The Restaurant
Acacia Fusion Bistro opened in 2008 in a restored three-storey commercial building on the upper end of North Market Street, three blocks north of the Square. Owner-chef Owen Liang trained at Chinese and French houses in New York and Hong Kong before opening Acacia as his own room, and the menu reflects the bilingual training - Cantonese and Japanese fundamentals worked through Western technique, with a strong sashimi programme and a wok line that runs to midnight on weekends. The dining room seats about eighty across two levels: a ground-floor bar and lounge in lacquered black, an upper-floor dining room with floor-to-ceiling windows facing Market Street, and a small private alcove for groups of eight to twelve.
Signature plates have included the Chilean sea-bass miso with sake-glaze; the seared Yellowfin tuna sashimi flight with three house ponzu preparations; the Peking duck two ways - sliced crisp skin with hoisin pancakes followed by a wok-fried second course with snow peas; the lemongrass shrimp pad Thai; and the Wagyu beef stir-fry with black garlic and dry-aged soy. The sushi bar carries an eight-piece omakase format ($75 per person) with the night's daily fish flown in from the Washington fish market - the only weekly omakase programme in Frederick. The dessert list runs to a black sesame creme brulee and a green-tea cheesecake that have both been on the menu for over a decade.
The bar - anchored by the lounge on the ground floor - runs a sake programme deeper than any other Frederick room (over fifty labels with serious junmai daiginjo presence) and a sho-chu and Japanese-whisky inventory that includes a small Hibiki and Yamazaki collection. The cocktail list integrates the Asian larder - yuzu sours, ginger-lemongrass martinis, a Thai-basil Old Fashioned - and the bar runs late, open until midnight Friday and Saturday. Service is Frederick-friendly rather than aspirational, and the upper dining room - quieter than the ground-floor lounge - has become the city's preferred date-night address for couples in their thirties and forties who want a contemporary setting and a serious sushi programme without driving the forty miles to Washington.

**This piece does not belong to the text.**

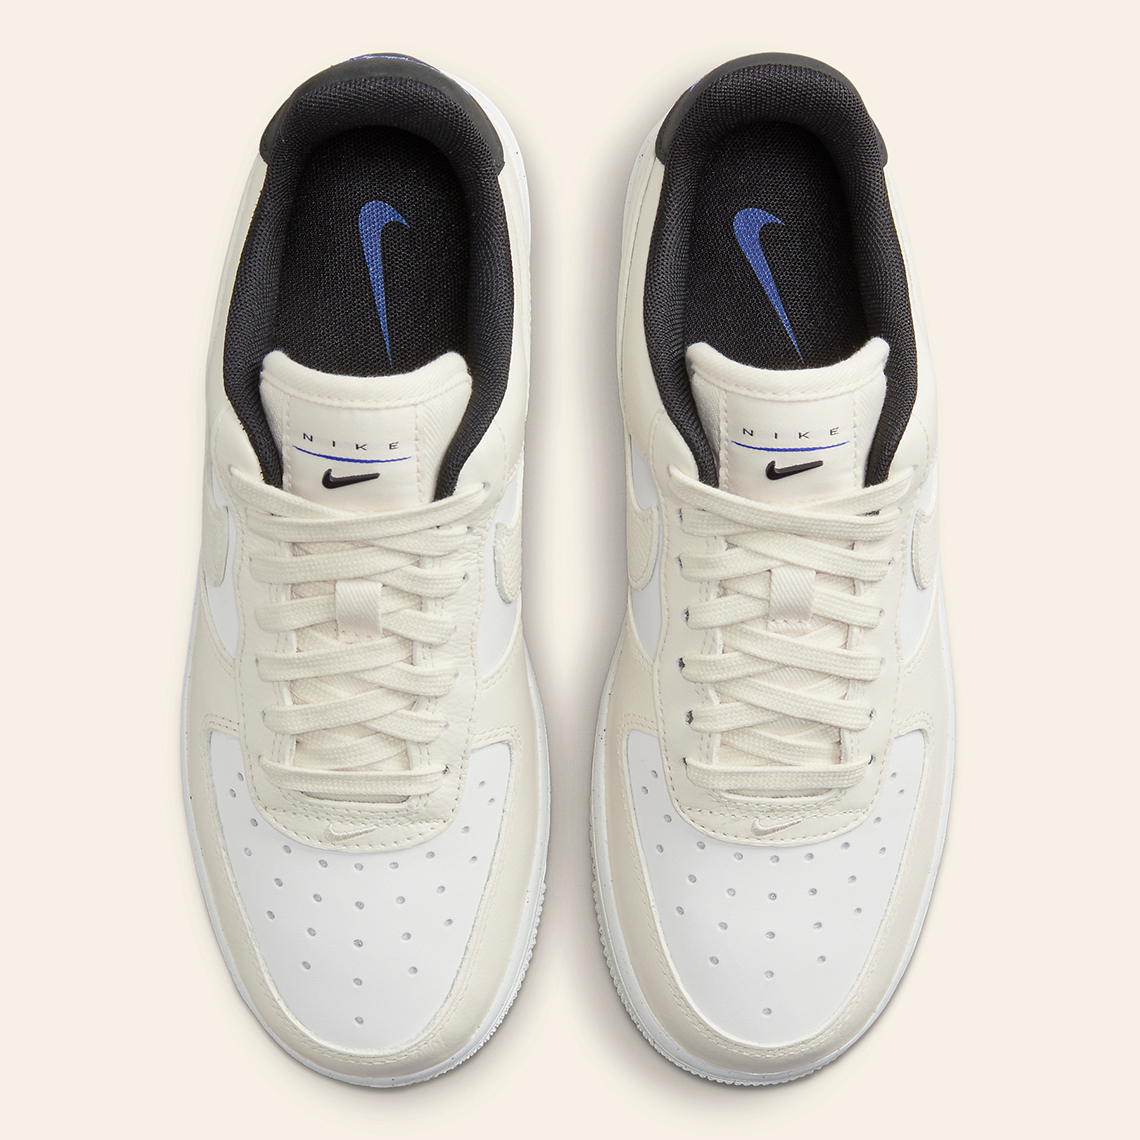 Official Images Of The Nike SB Dunk Low "Dodgers" Low Coconut Milk Black Dz2708 101 9

Why This Is Frederick’s First Date Pick
Acacia is the contemporary date-night option in Frederick because the upper-floor dining room offers the structural softness - warm wood, low pendant lighting, a quieter acoustic register than the ground-floor lounge - that the city's historic-district taverns cannot replicate. The sushi-bar omakase format gives a couple a working narrative across the meal; the eight-piece progression introduces conversation prompts that a conventional menu does not. The bar programme - the sake flight, the Japanese whisky, the contemporary cocktail list - provides a third-course option after dinner without leaving the building. And the Market Street address sits within walking distance of every downtown Frederick hotel and the Carroll Creek promenade, making the evening's logistics effortless.